Later queries to such an indexer, may be answered by reading the index from disk, and searching for terms supplied by the query; but it is common for large indexes to be partially stored in memory, where the most frequent terms are stored in memory, and the rest are stored on disk. However, for such a small index that we are building, it is possible to store the whole index in memory.

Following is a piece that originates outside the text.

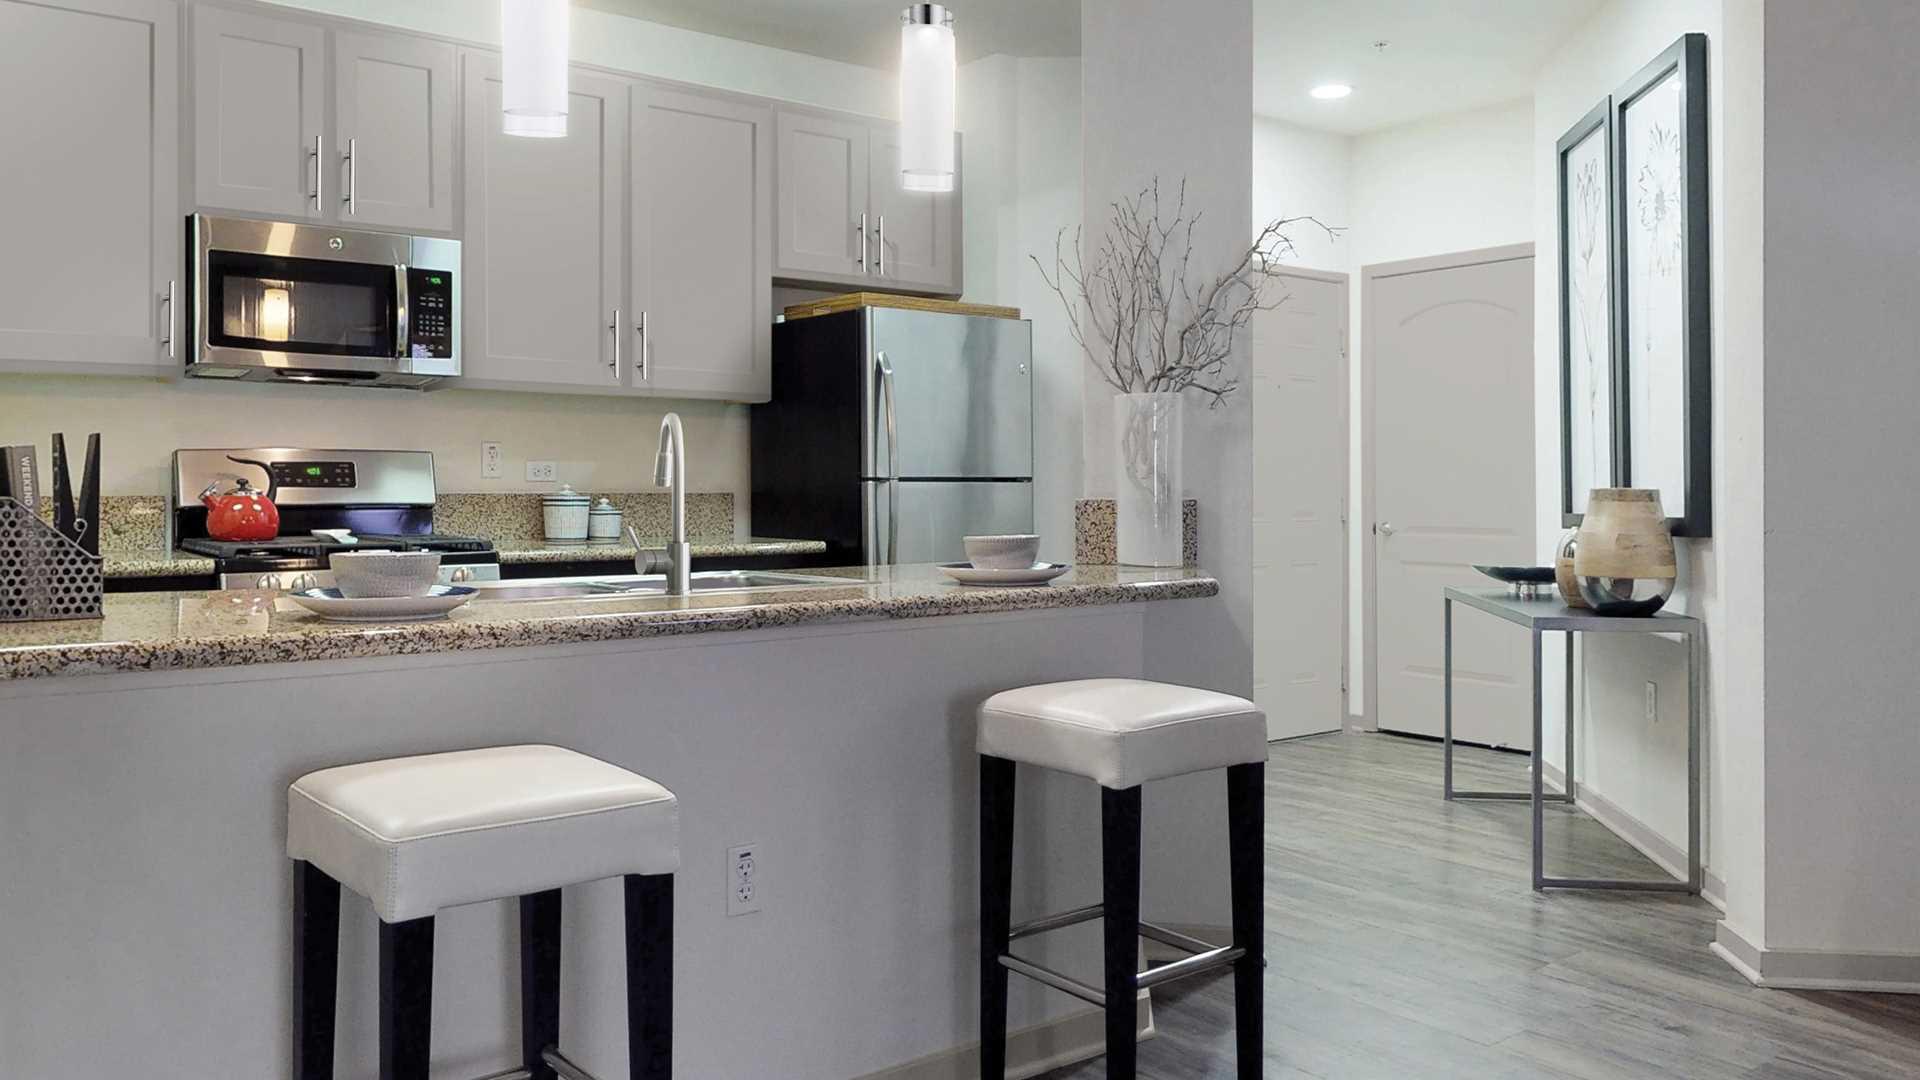 Terrific Mission Valley Apartments In San Diego Ca Mira Bella Download Free Architecture Designs Scobabritishbridgeorg

Here are the results of running the indexer against the supplied corpus:

  • There are 570 documents (files) in the corpus.
  • There are 47201 Tokens in the corpus (all words in all documents).
  • There are 4280 Terms in the corpus (unique words in all documents).
  • Indexing time is less than 1 second.

Here are my observations and notes:

  • Using the same folder to store the results:
    • If you use the same folder as the corpus folder to store the results, that is, the two files documents.dat and index.dat.
    • Then the indexer index these files as well, and the stats will be wrong.
    • It is a problem if you run the indexer and saved the files, and then re-run again while testing.
    • The number of files will be 572, and the number of tokens will be 72279; and the number of terms will be 18002.
    • The term and its id stored in a , separated line, this will be counted as a unique term, unless the regular expressions are updated.
    • Also the document paths may contain spaces, which may generate more of fake terms.
  • Documents paths:
    • The code stores the entire path of the document, including all folders and sub-folders, up to the file name.
    • This can be a waste of space, as the path is repeated for each document.
    • For our index, all files are stored in one location, that is, Documents/cacm/, for example.
    • Storing only file names, while maintaining the root folder in a higher-up congfiguration file, will save space.
  • HTML tags:
    • The regular expressions at the start of the file does not ignore html tags, and extract them as text after removing the < and > characters.
    • This may be a problem as searching for the word html will return all documents since all html files include the <html> tag.
    • This may greatly increase the index size and the time it takes to build the index, and response time.
    • This may reduce the accuracy of the search results.
    • This may decrease both precision and recall.
    • To test this, I searched for the word html and it returned 1140 documents, that is exactly the number of html files in the corpus * 2; one for <html> and one for </html>.

Changes

  • Found the database named indexer_part2.db in some part of the code, and indexer.db in other parts. Changed all to indexer.db.
  • I called select_all_records_by_author(get_cursor()) in main() to test the function. It works fine and returned all documents stored in the database, which ere 570 documents.
  • I created analyze_db function, and deleted select_all_records_by_author function.
def analyze_db():
    cur = get_cursor()
    docs = cur.execute("SELECT * FROM DocumentDictionary").fetchall()
    print("\n\n Found %i documents in the DocumentDictionary table\n" % len(docs))
    print("\nHere is a listing of the rows in the table DocumentDictionary\n")
    for row in docs:
        print(row)

    terms = cur.execute("SELECT * FROM TermDictionary").fetchall()
    print("\n\n Found %i terms in the TermDictionary table\n" % len(terms))
    print("\nHere is a listing of the rows in the table TermDictionary\n")
    for row in terms:
        print(row)

    postings = cur.execute("SELECT * FROM Posting").fetchall()
    print("\n\n Found %i postings in the Posting table\n" % len(postings))
    print("\nHere is a listing of the rows in the table Posting\n")
    for row in postings:
        print(row)
  • As per the instructions in the course forum, I removed references to database and used documentsDictionary, which is an in-memory dictionary, that holds document id as key, and path to the document as value.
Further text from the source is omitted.